James C. Smith james at reflexive.net
Tue Feb 24 19:24:53 EST 2009


You are comparing conversion of two different things. On the case of Club
penguin you are measuring purchases per visor but for downloadable games you
are measuring purchase per download when you should really looking at
purchases per visitor if you want to compare it to Club penguin.

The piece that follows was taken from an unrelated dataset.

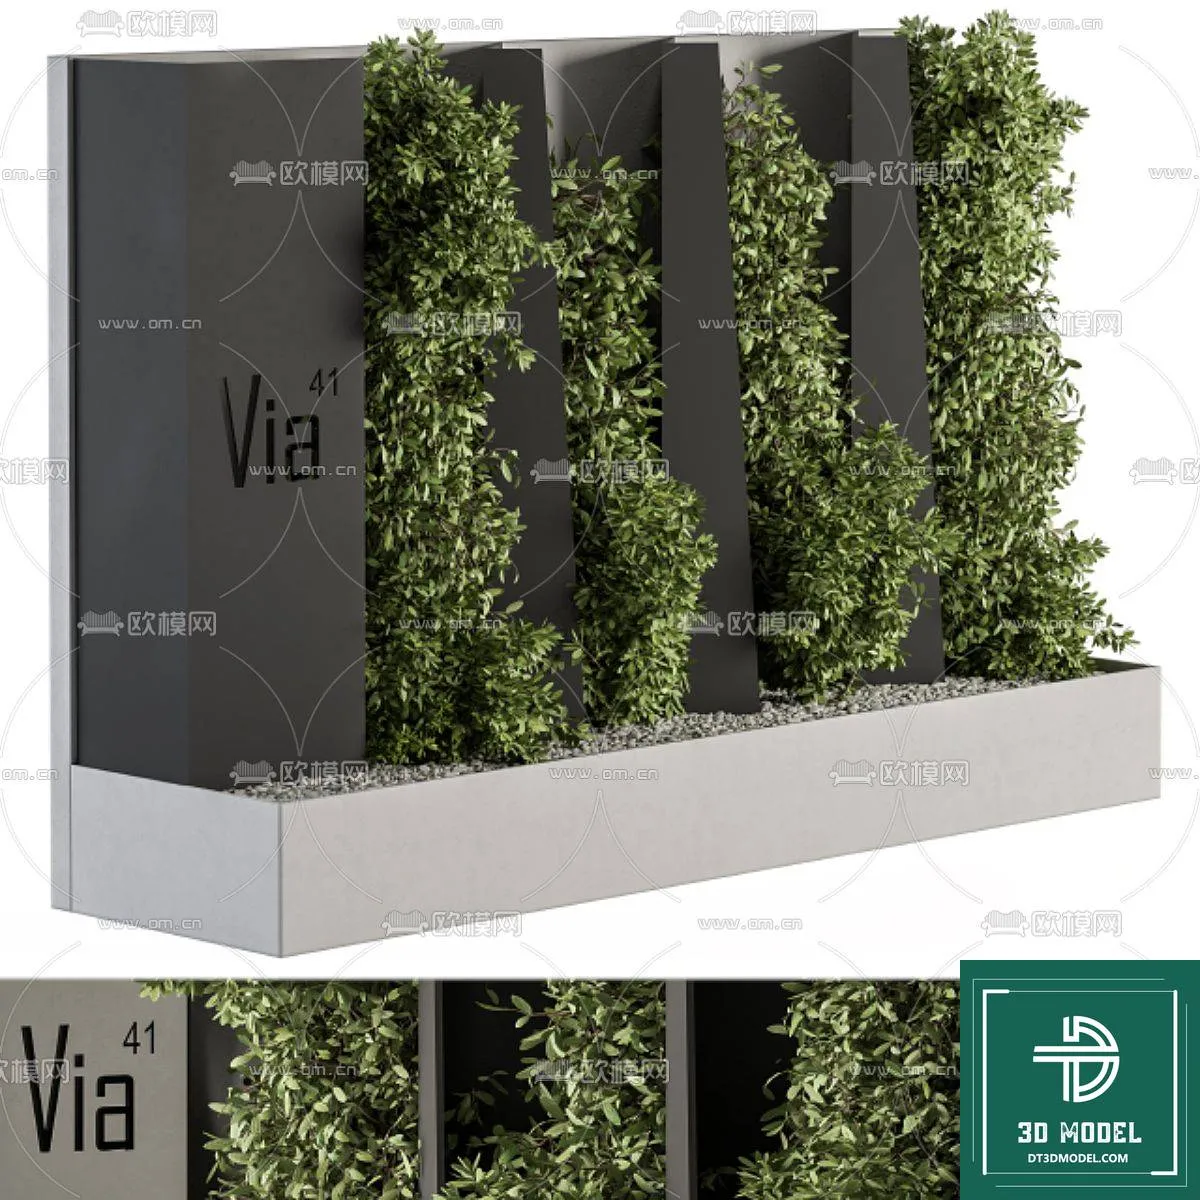 VERTICAL GARDEN – FITOWALL PLANT 3D MODEL – 002
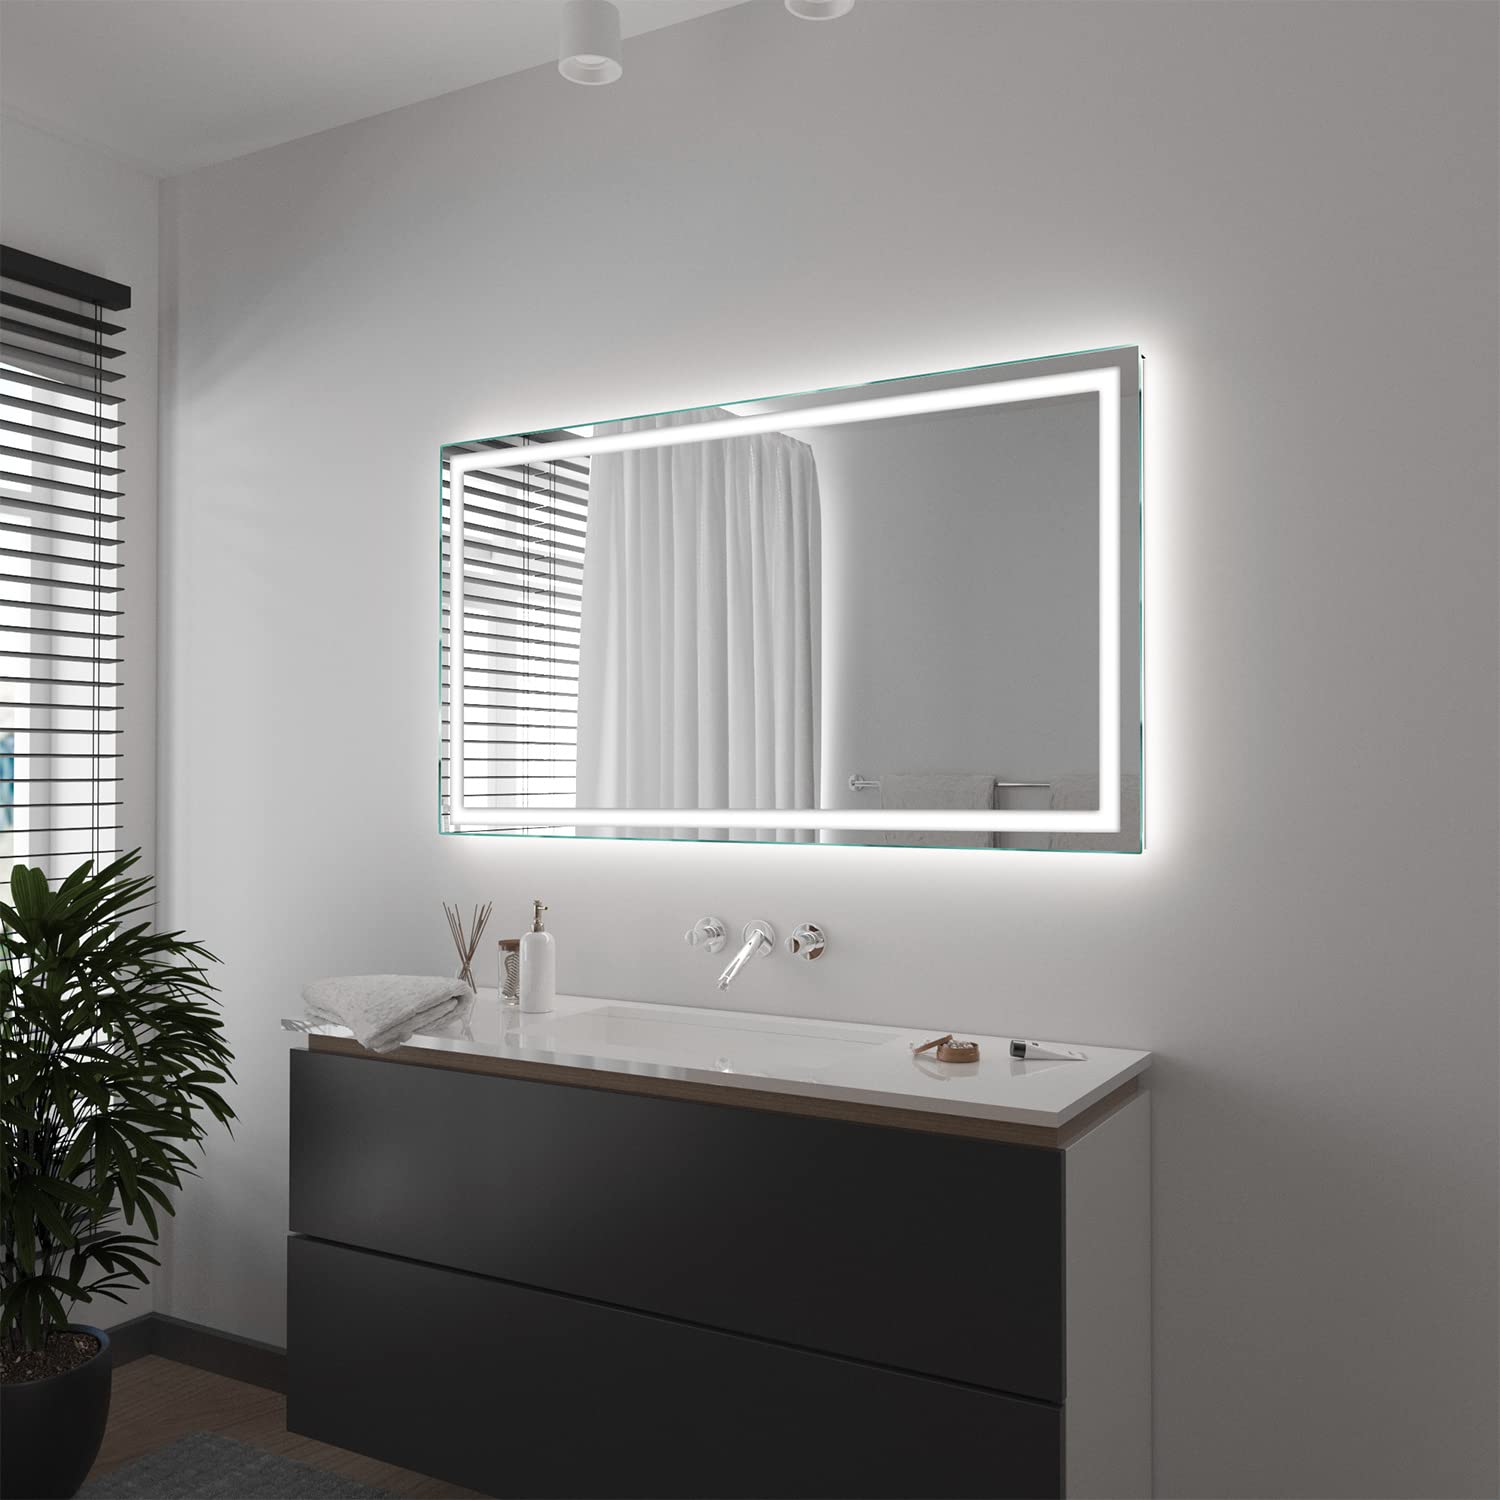 SARAR Wandspiegel mit rundum LED-Beleuchtung 150x80 cm Made in Germany Toulon eckiger Badspiegel Spiegel mit Beleuchtung Badezimmerspiegel

Let's say 10 visitors come to your sight, and they each try 5 games, and
then 1 guys buys one of those games. So you had 50 download and 1 purchase.
You only converted 2% of your downloads but you converted 10% of you
visitors.





I believe many visors do try several games before deciding which one to buy.
Measuring purchases per download makes it seem like this is a bad thing.
Measuring purchases per visitor or average revenue per user (ARPU) are much
better ways to compare to subscription plans.



--James



-----Original Message-----
From: casual_games-bounces at igda.org [mailto:casual_games-bounces at igda.org]
On Behalf Of Erin Hoffman
Sent: Tuesday, February 24, 2009 3:56 PM
To: casual_games at igda.org
Subject: [casual_games] Club Penguin's Conversion Rate



Hi all,



I don't think Club Penguin is traditionally identified as a "casual

game", but I know there are a few marketers on the list who might have

access or thoughts on these statistics.



The customary conversion rate for casual games is 1% -- 1 in 100 free

downloads will convert to a purchase. This tends to also apply where

casual games intersect the F2P MMO market. Club Penguin, however,

converts at a rate of 5.8% -- they maintain around 700,000 paying

users out of 12 million account holders, and these subscribers also

"over-spend" on Club Penguin goods, averaging between $50-70 per year

on Club Penguin purchases.



Is there any research or existing thought on why Club Penguin converts

at such a large rate? I realize it's so far considered an aberration

(a 'hit'), but what all could be contributing to its unnaturally large

conversion rate? Is it strictly a matter of demographics?